Nonprofit hospitals in low-income neighborhoods should be the backbone of the American safety net system for low-income people who lack insurance. Instead, thanks to a federal program called 340B, many nonprofit hospitals have made maximizing revenue their primary goal, not providing charity care. Thanks to a New York Times investigation, Richmond Community Hospital has become the starkest example of a nonprofit hospital that exploits the 340B program while reducing medical services available to the distressed community surrounding the hospital.
The 340B program was created by Congress in 1992 and it was intended to allow about 500 hospitals in low-income areas to purchase drugs at substantial discounts. It was thought that, with these discounts, nonprofit hospitals could provide more free care to the distressed communities where they were located.
However, the law was poorly written, and hospitals soon discovered that they could “arbitrage” these drug discounts into a profit center. How could they do this? In short, buy low and sell high. As the NY Times story explained, Richmond Community can buy a vial of the cancer drug Keytruda at a discounted price of $3,444 yet can bill the local Blue Cross health plan $25,425 for that same vial, for a profit of $22,000 on one patient’s prescription.

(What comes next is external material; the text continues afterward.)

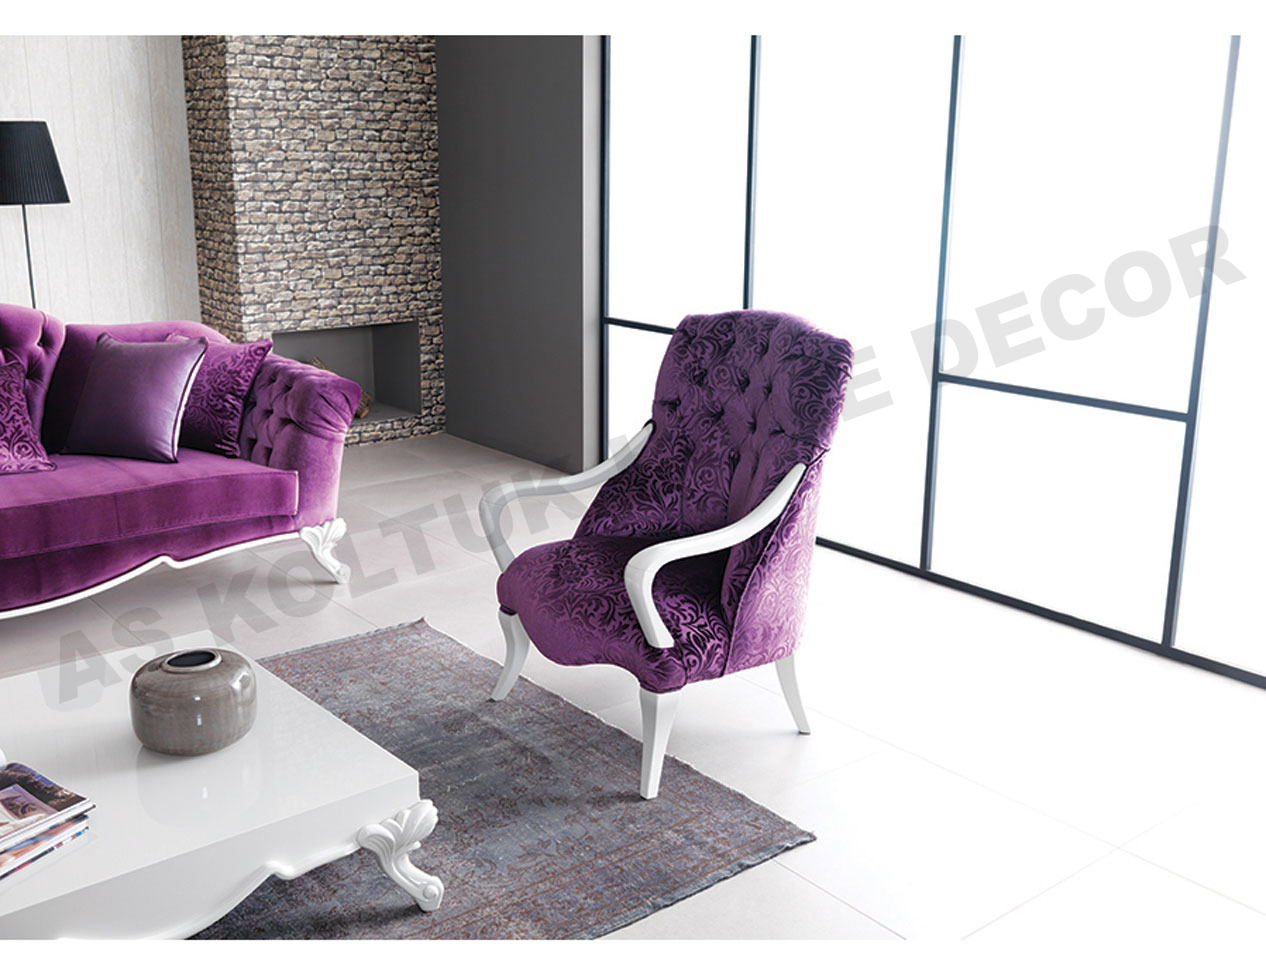 purple sofas for sale consumer reports sofa recliners as koltuk home decor classic set
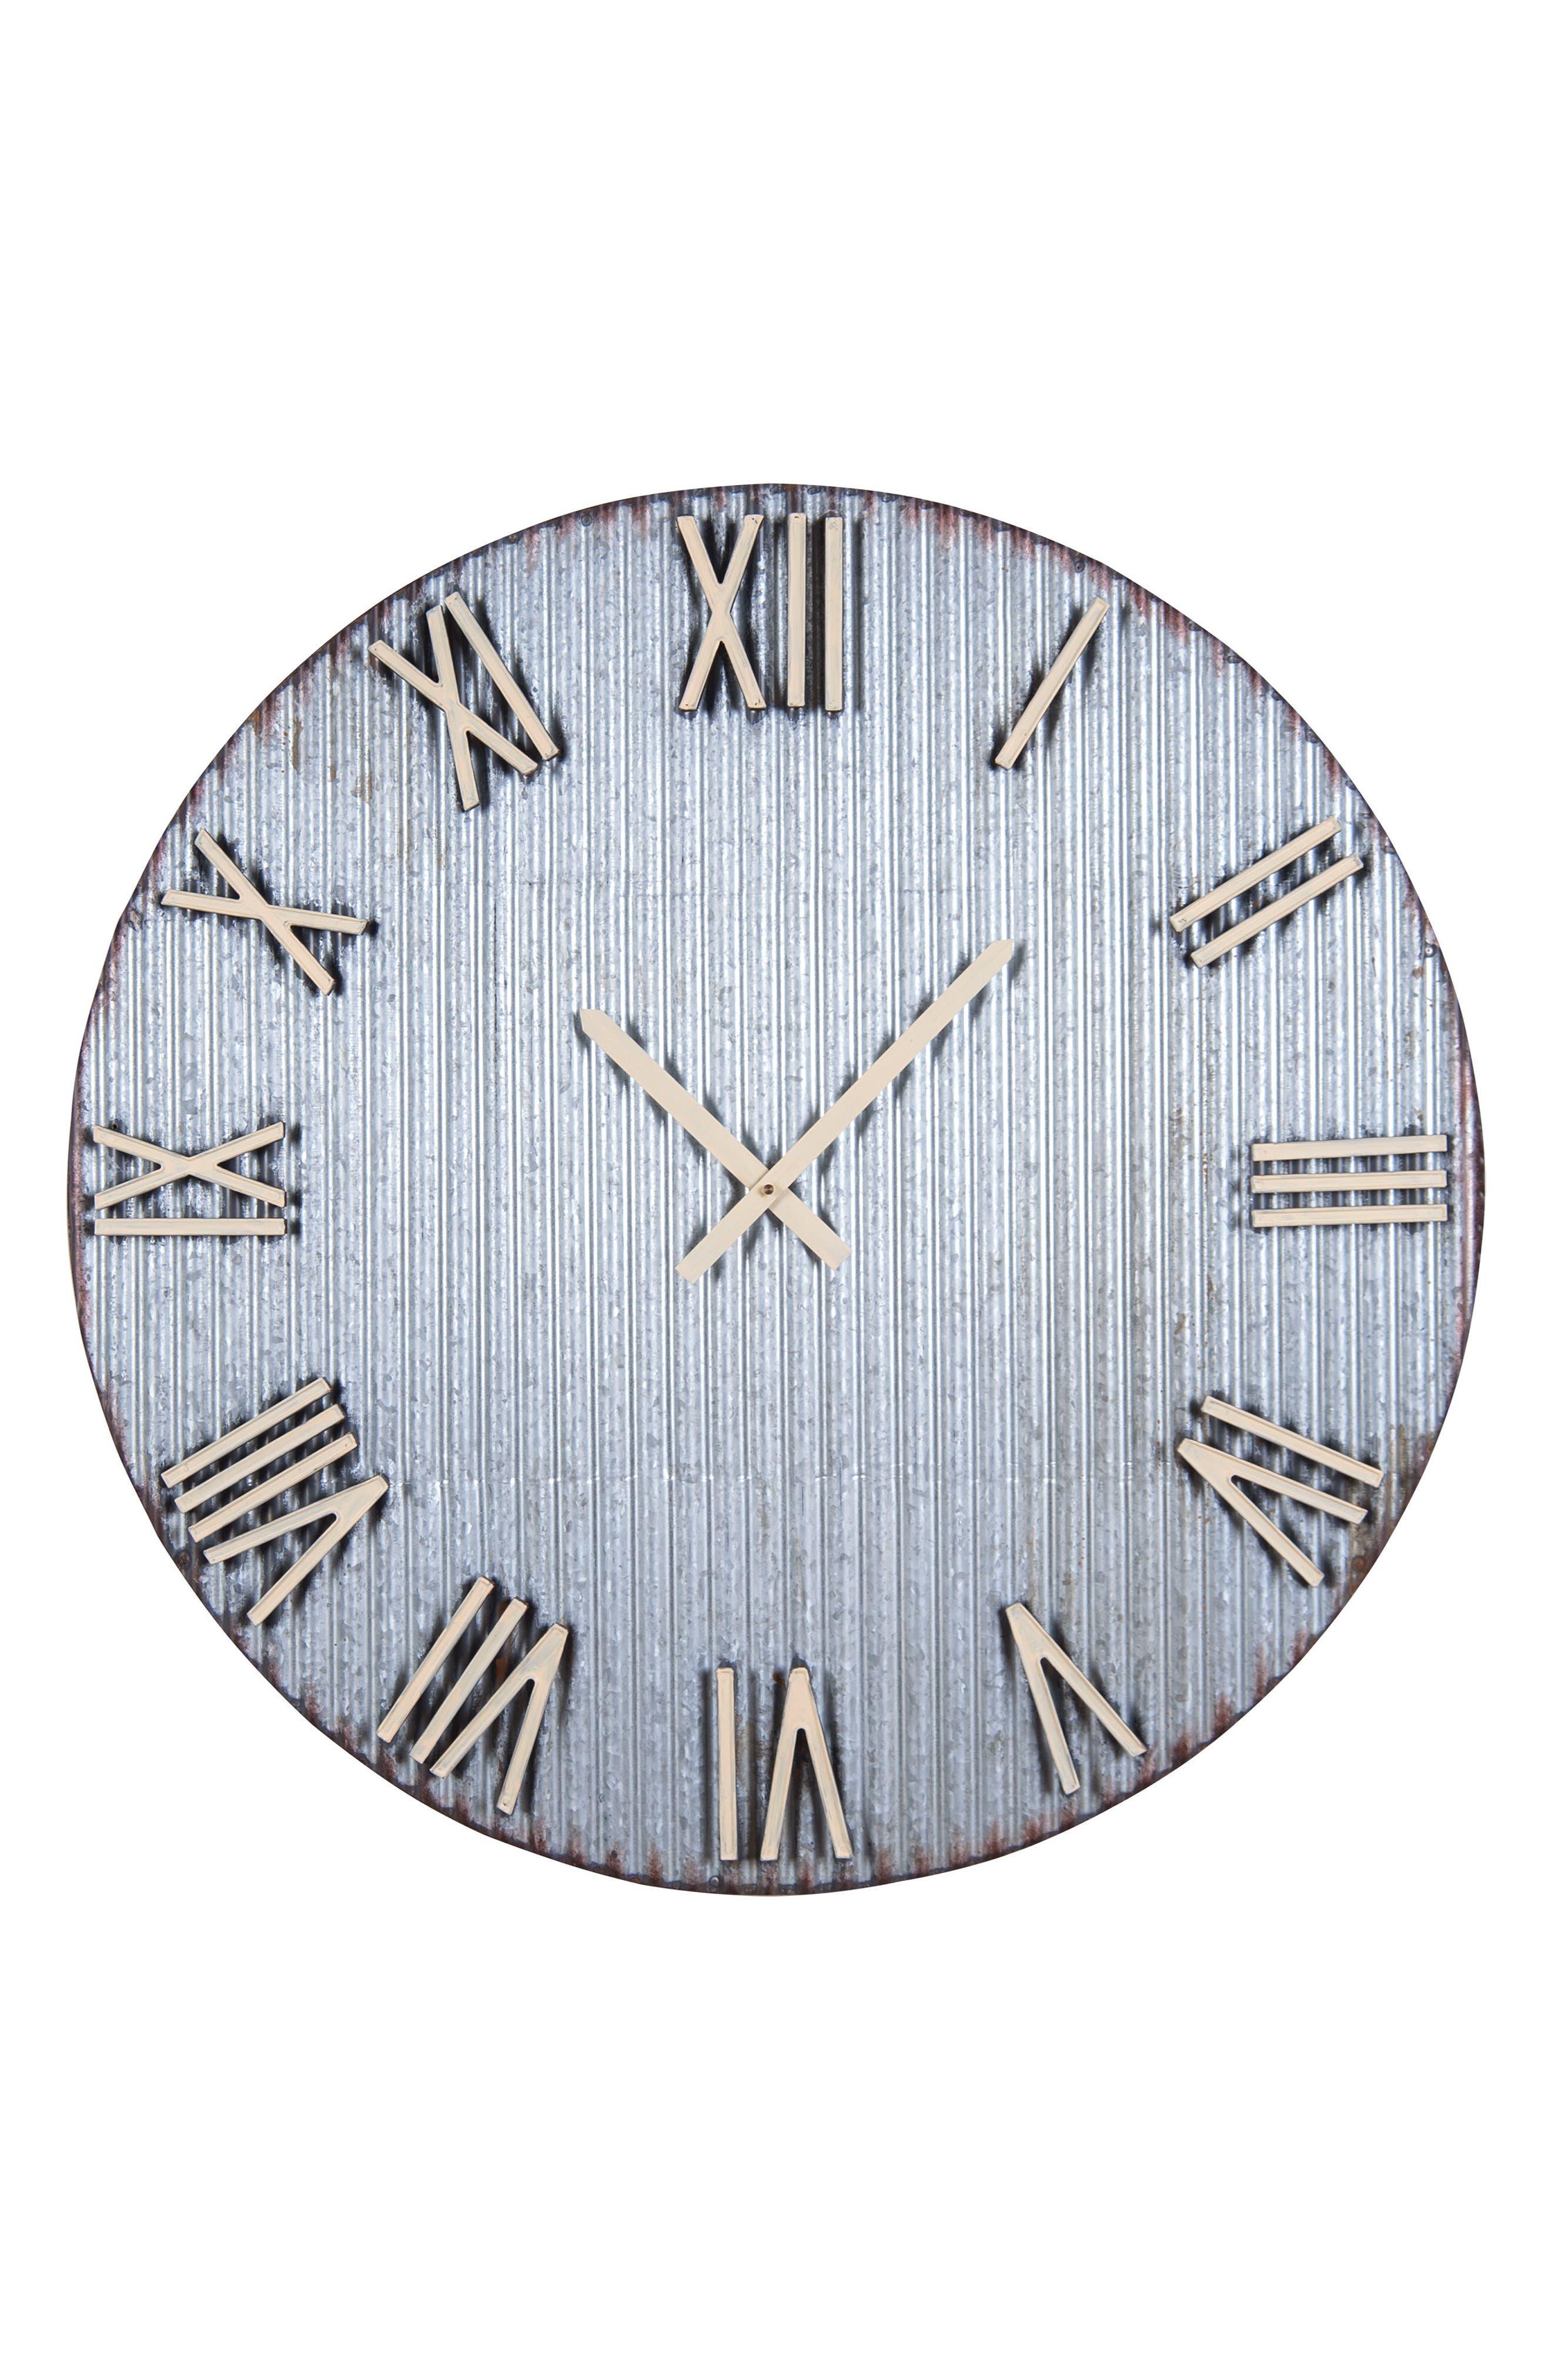 Farmers Corrugated Metal Wall Clock,                             Main thumbnail 1, color,                             040

The Lown Institute, a nonpartisan think tank calculated the “fair share deficit” of each state – the amount spent on charity and community investment minus the tax breaks received by the hospitals. Virginia ranked 34, with hospitals in the aggregate receiving $292 million more in tax breaks than the amount they spend on charity care.
This no doubt contributed to the growing profits of Virginia’s hospitals, most recently observed in a 2017 Thomas Jefferson Institute study.
These incentives caused Richmond Community to expand into wealthier neighborhoods so they could enroll more patients with good insurance coverage. After all, if Richmond Community gives Keytruda away for free, it will cost them $3,444, but if they prescribe it to a patient with insurance, they would profit by $22,000. The Times story describes how Richmond Community opened a cancer institute in a wealthier neighborhood in order to increase its revenues from the 340B program. “The Bon Secours Cancer Institute at St. Mary’s, for example, administers cancer drugs to patients in an office suite on the tree-lined campus of St. Mary’s Hospital.”
Richmond Community can expand into higher income neighborhoods because these satellite offices immediately become eligible for the 340B discounts that derive from the main hospital’s location in a low-income neighborhood. Congress wrote the law so poorly that they did not preclude satellite offices in wealthy zip codes from sharing the discounts.
The result has been that the number of contract pharmacies has skyrocketed as has the number of covered entities, far above just the number in low-income areas.
However, probably the worst aspect of the statute creating the 340B program is that it does not require hospitals to spend the 340B revenues on charity care for the local community. So, few policy makers know how much revenue hospitals get from the program and what they spend it on. As the NY Times explains the infirmities in the law: “Hospitals did not have to disclose how much money they made from sales of the discounted drugs. And they were not required to use the revenues to help the underserved patients who qualified them for the program in the first place.”
Therefore, the Congress and state governments can undertake a simple reform to help with this situation: disclosure. First, policy makers should develop a uniform definition of charity care.
For example, an unpaid bill from the wealthy patient does not count as charity care. Then, they should require that hospitals disclose how much revenue they secure from 340B and how much actual charity care they provide.
With this simple reform, policy makers and the public at large can know if nonprofit hospitals are living up to their mission.